## Work to complete:
Leave the pictures out and return every line below exactly.

## Raw data:
____

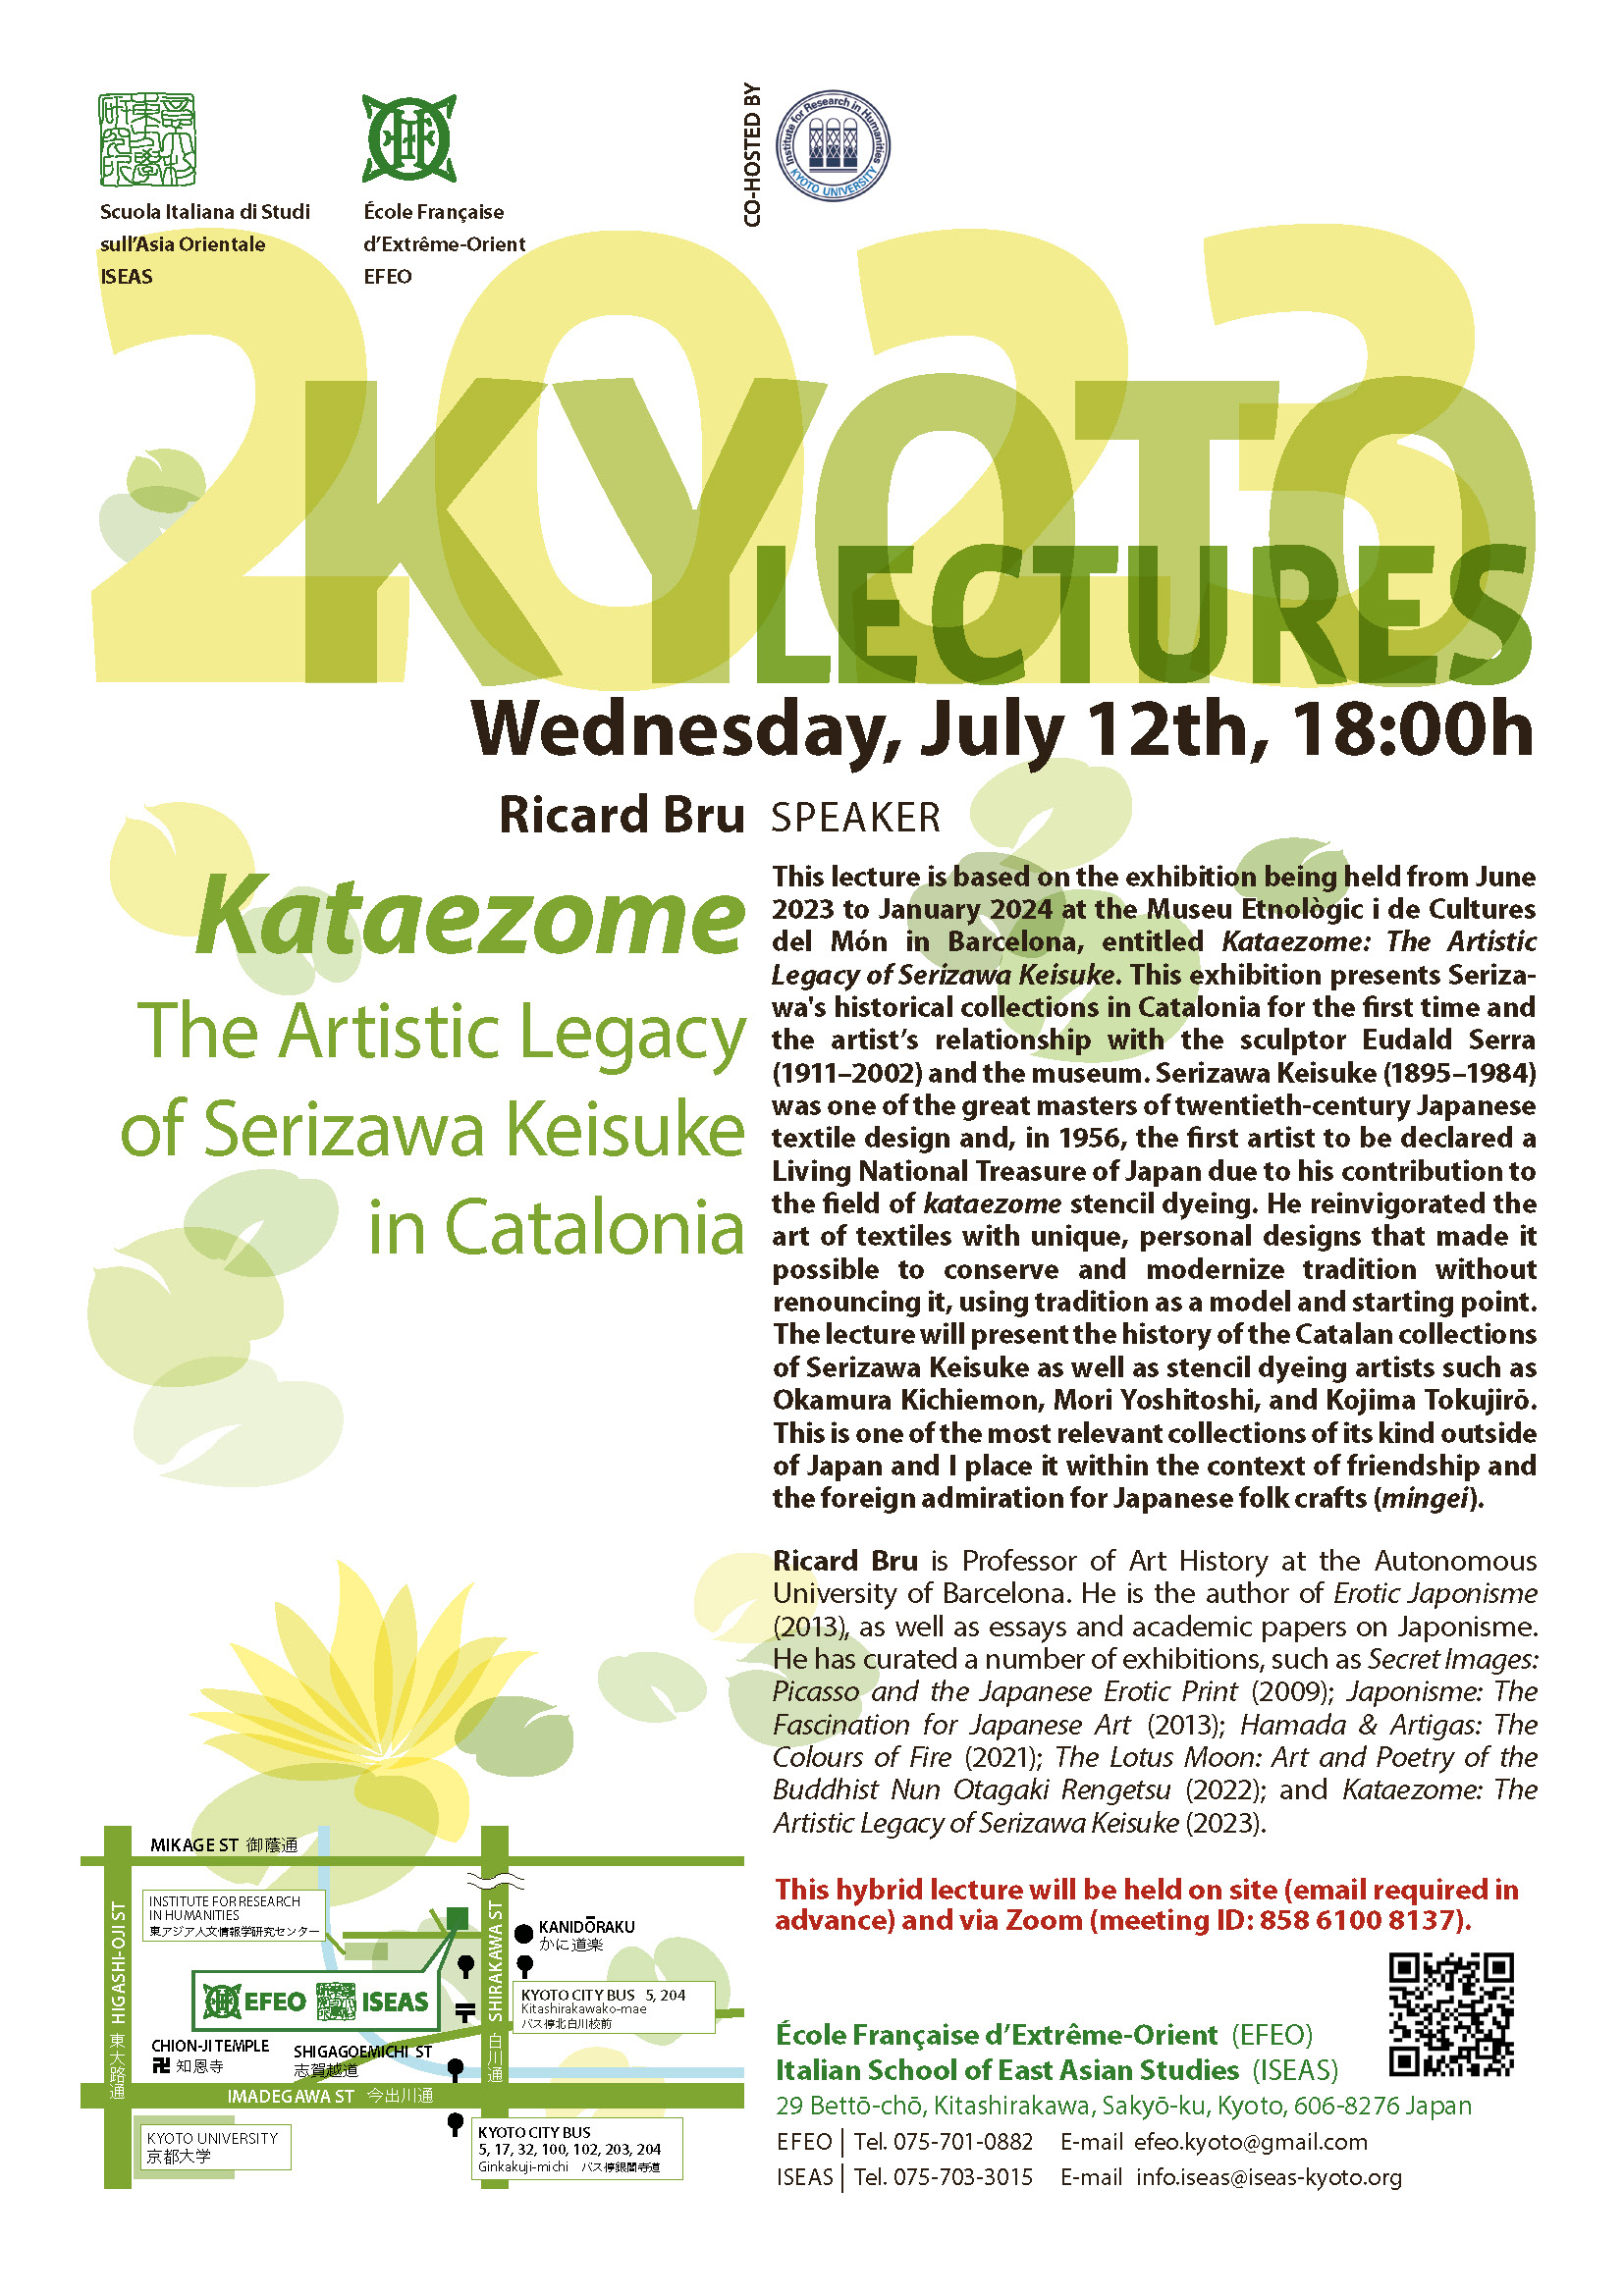 Kyoto Lectures 2023-07-12
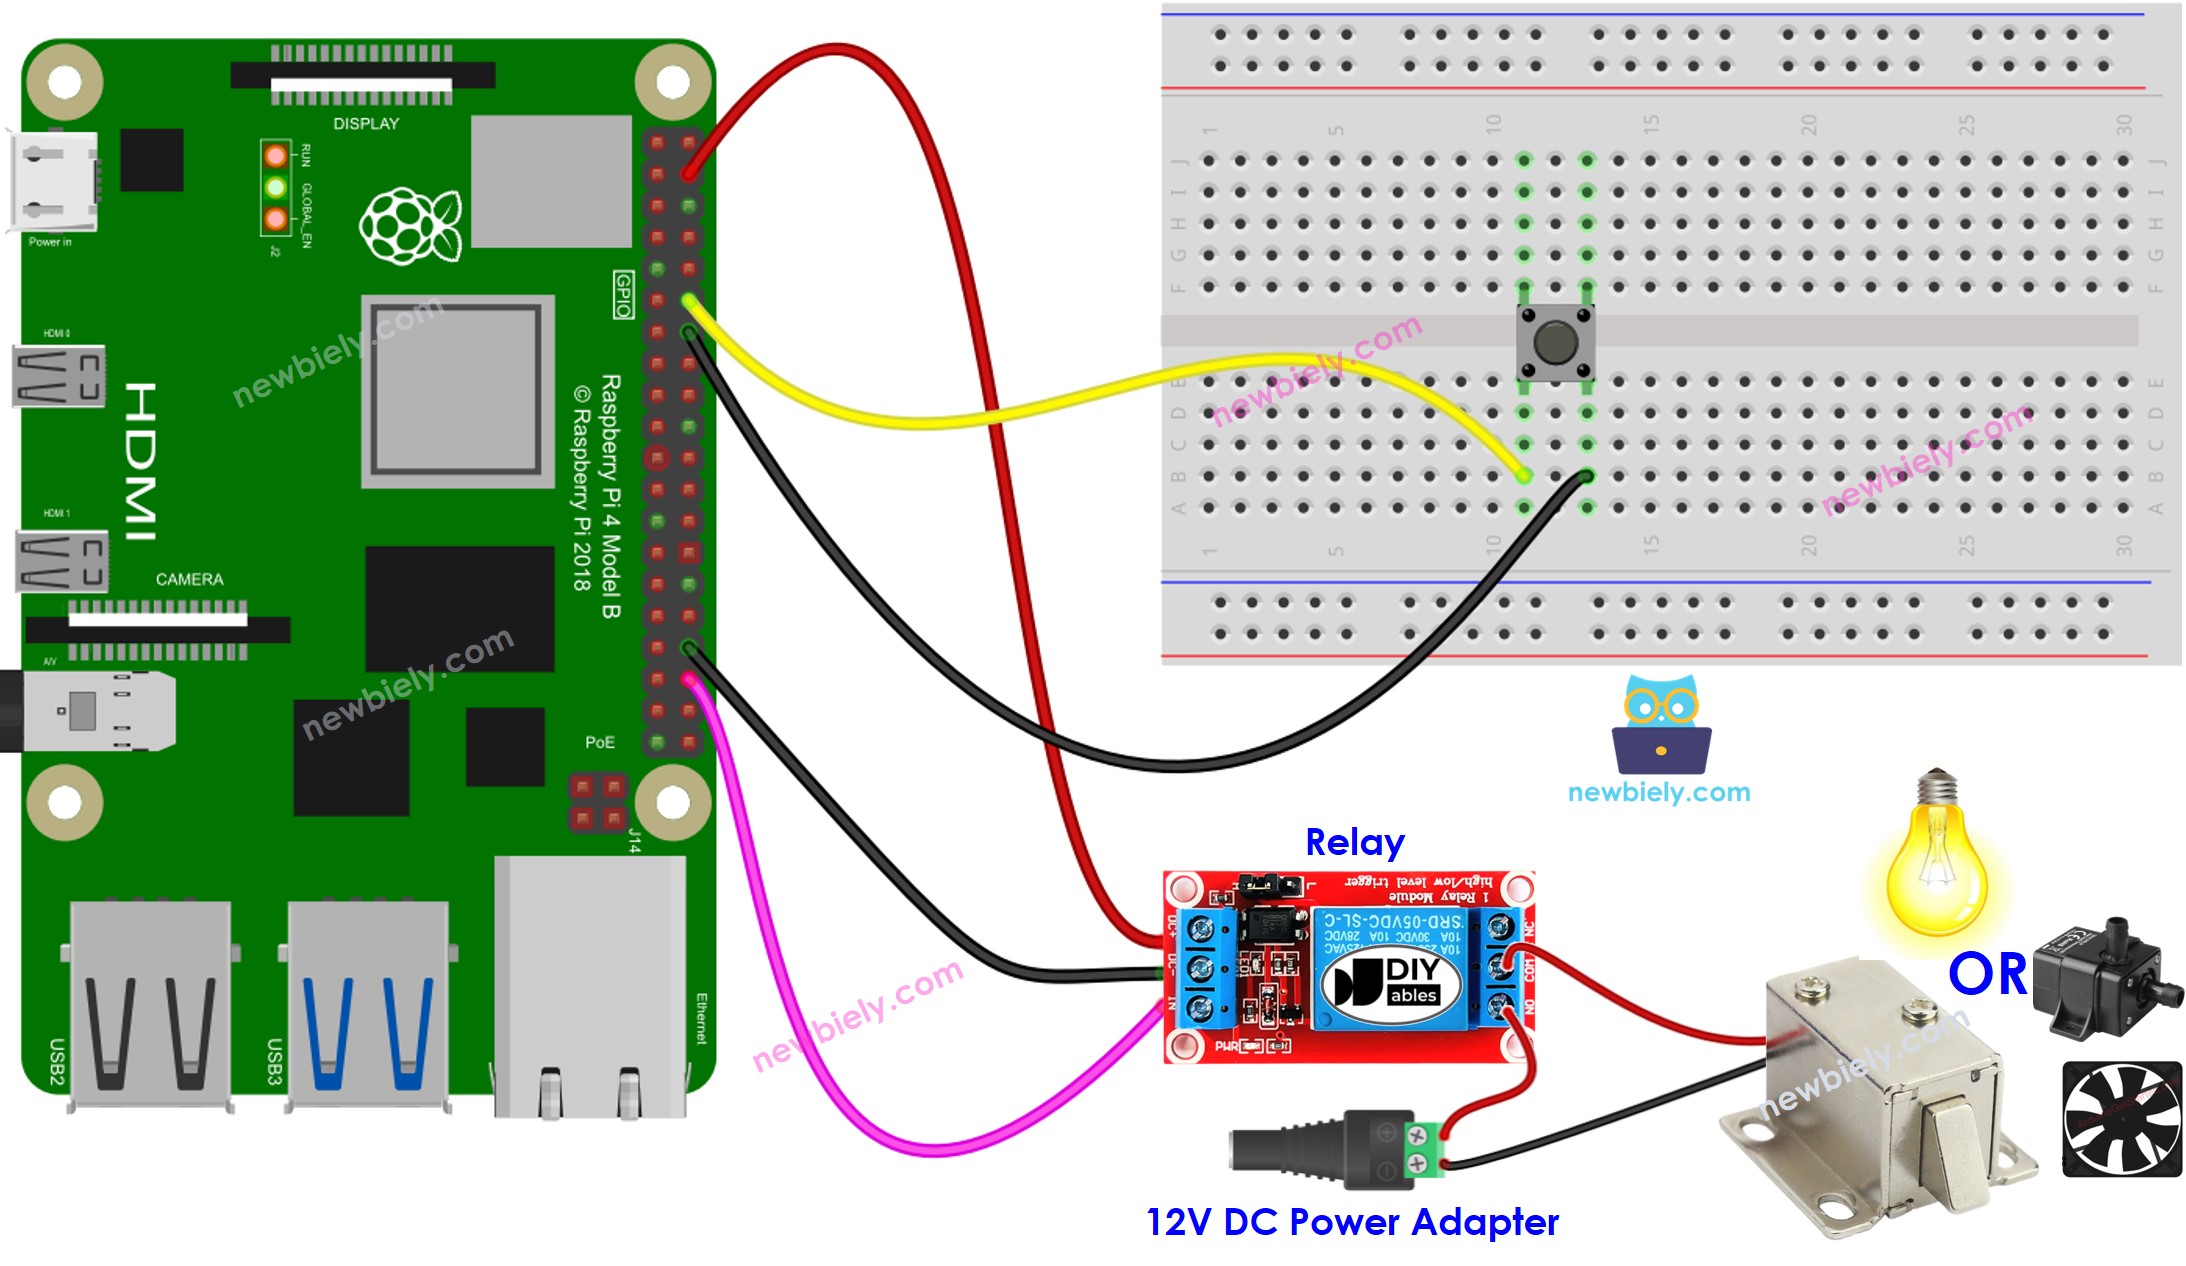 The wiring diagram between Raspberry Pi and Button relay
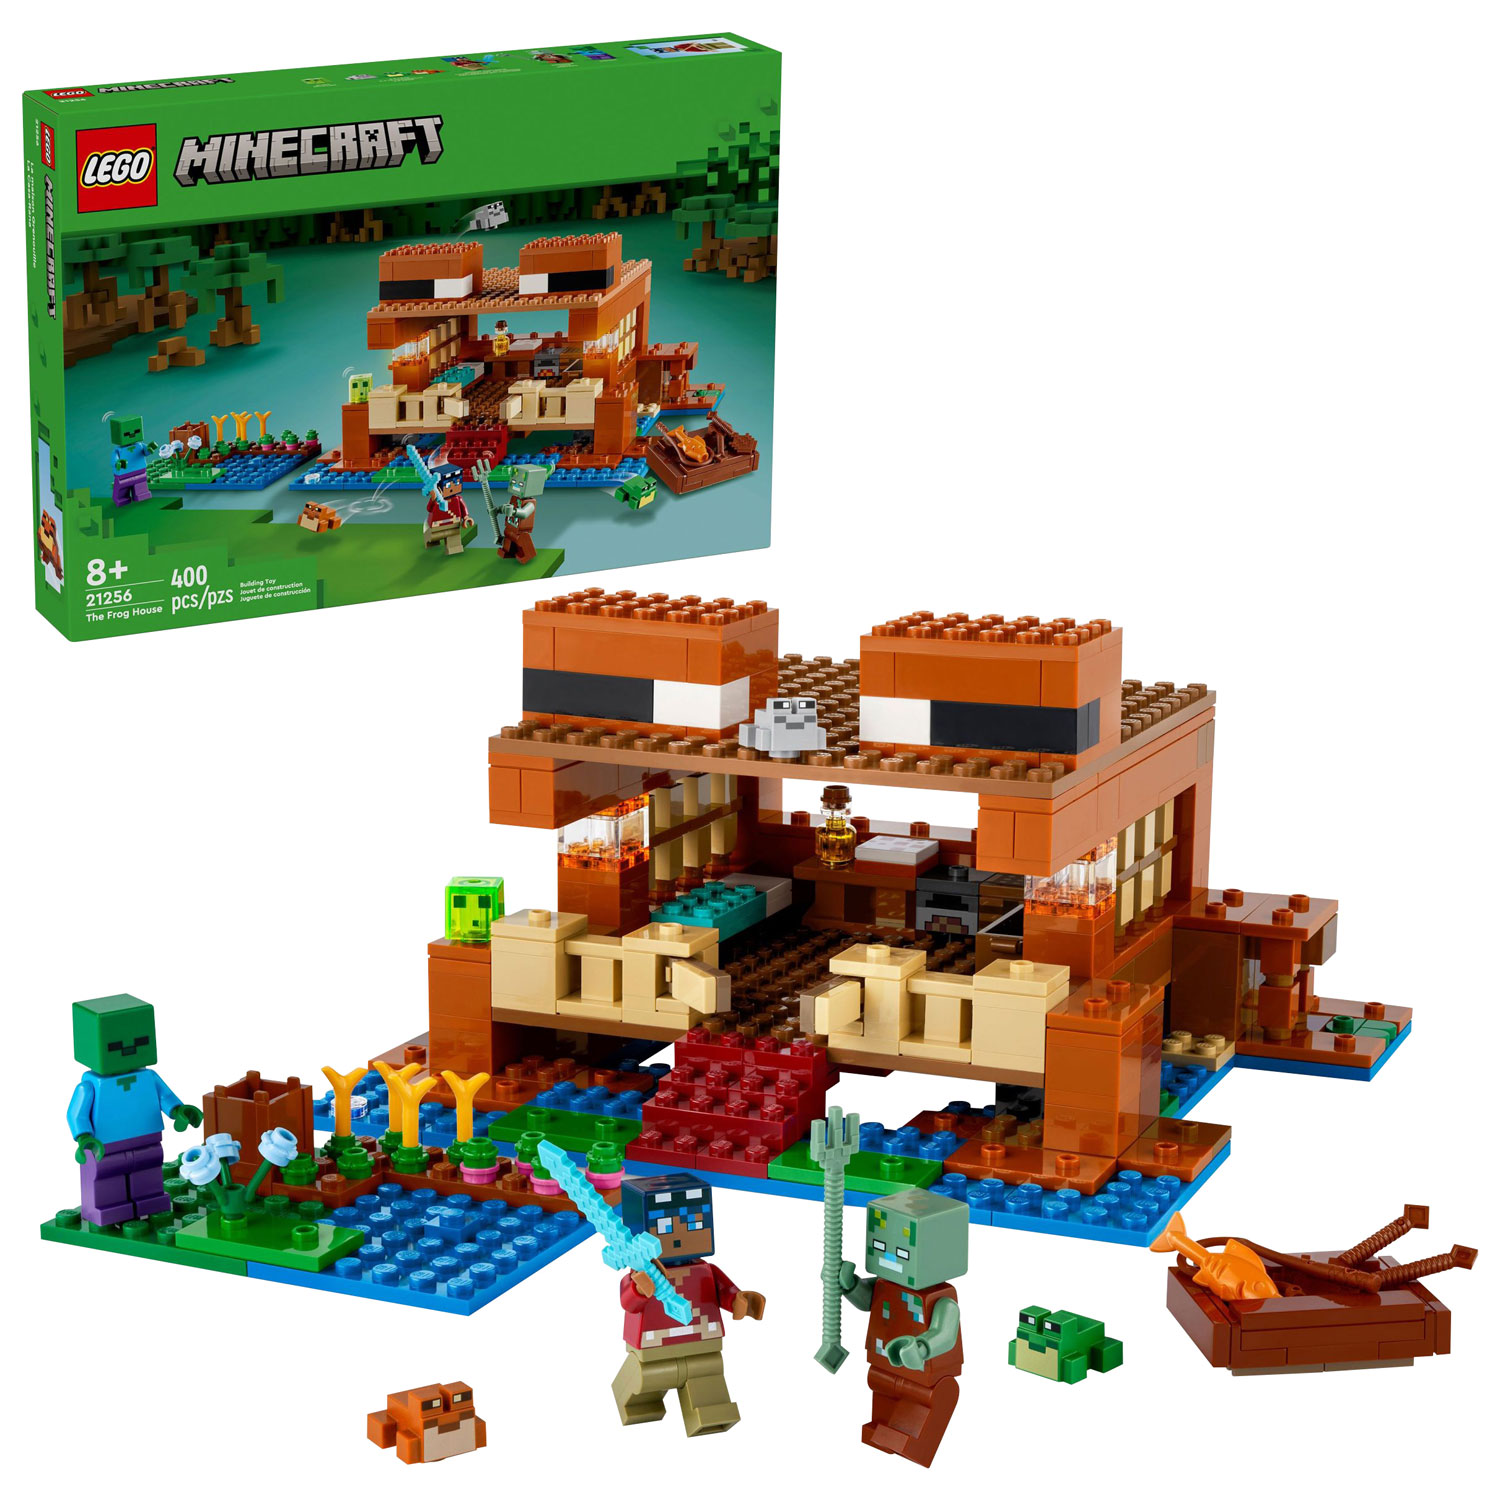 LEGO Minecraft The Frog House - 400 Pieces (21256)

____

## Solution to this task:
 Kyoto Lectures 2023-07-12
 The wiring diagram between Raspberry Pi and Button relay
 LEGO Minecraft The Frog House - 400 Pieces (21256)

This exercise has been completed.